Good luck and dont lose hope


----------



## manca (Feb 23, 2011)

I had problems like that  You can do it, believe me. Just ride, ride and ride. You'll get your confidence. 
Watch what you are feeding her, my mare (although not arabian, but she is still ful of energy) was a little hyper because of improper food. And winter is a huge factor. She will be much more calmer in the summer. 
Ride a lot! Start where you're confident and then do little steps. You can do it


----------



## bsms (Dec 31, 2010)

Mia is a dominant Arabian mare I've had for 2.5 years. Most of the time, she does fine. But there have always been holes in her training, and she has become erratic, becoming afraid of things she didn't used to be afraid of, so I've started over with her.

We began round penning 101 a few weeks ago.
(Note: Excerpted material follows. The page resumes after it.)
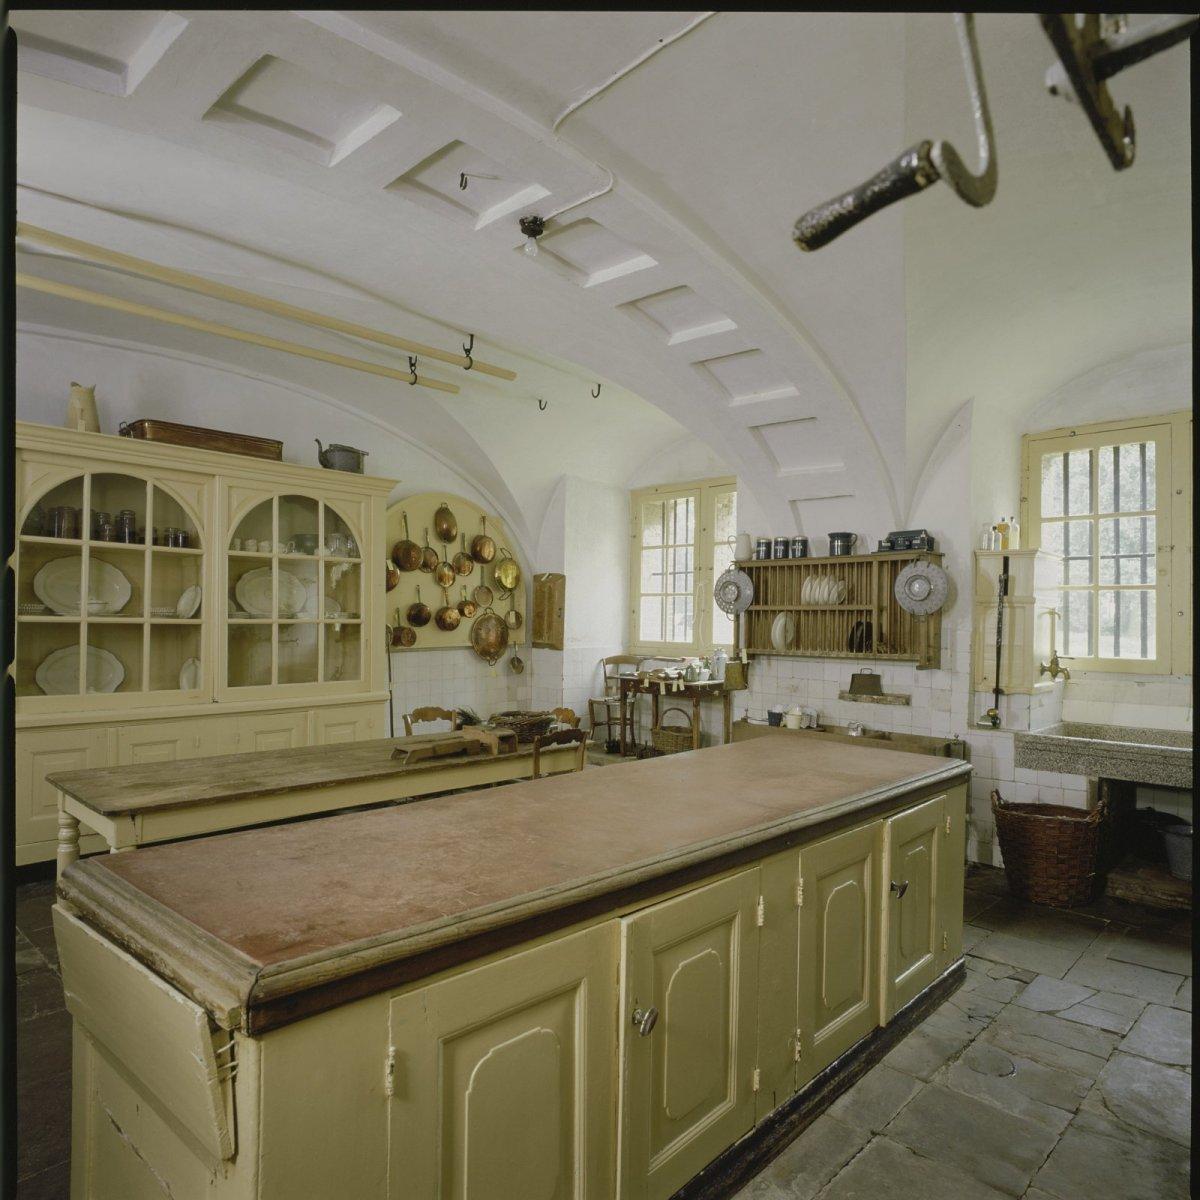 File interieur overzicht van de keuken detail inhoud keukenkast in het onderhuis amerongen - Whirlpool van het interieur ...

I'm using this as an outline of where to go, along with working with a lady who trained our Arabian who had never been ridden.

Amazon.com: The Modern Horseman's Countdown to Broke: Real Do-It-Yourself Horse Training in 33 Comprehensive Steps (9781570764196): Sean Patrick, Dr. Robert M. Miller: Books


From the sounds of it, that is where I'd start your mare - at the beginning. I did that before with our gelding, and it only took 5 weeks to work thru most stuff - but we filled some holes along the way. I expect Mia to take 3-6 months because she is so dominant.

In fact, I think from here out that if I buy a horse, I'll plan on retraining them by starting at the beginning. It is a good way to build a relationship, and helps to find the holes before they become painful. :shock:


----------



## OffAgainOnAgain (Apr 2, 2011)

Thanks for all the replies. It's just really frustrating because she has no respect for me! She treats me like she does geldings in the field. Like a nobody. I've tried a join up before and it turned into a stand off between the two of us because neither of us would back down and I never ever want to put her in a situation in which she feels she needs to rear and she kept facing me about backing up and I was afraid that was where it was going.


----------



## manca (Feb 23, 2011)

How she behaves when you're lunging her?


----------



## RedTree (Jan 20, 2010)

ground work, get her to respect you.
If you say move your bum, make her move her bum.

I went to a clinc ages ago now, but what you want to do is look at her hindquarters and like point at them, like moving your finger back and forward.
You will need a long leadrope, if shes doesn't move start spinning the end of the lead rope, slowly then get faster and closer, if she still doesn't move give move it closer so you hit her.
That will wake her up and hopefully make her move
As soon as she moves stop, and then do it again she should be paying attention to you now.


----------



## bsms (Dec 31, 2010)

OffAgainOnAgain said:


> Thanks for all the replies. It's just really frustrating because she has no respect for me! She treats me like she does geldings in the field. Like a nobody. I've tried a join up before and it turned into a stand off between the two of us because neither of us would back down and I never ever want to put her in a situation in which she feels she needs to rear and she kept facing me about backing up and I was afraid that was where it was going.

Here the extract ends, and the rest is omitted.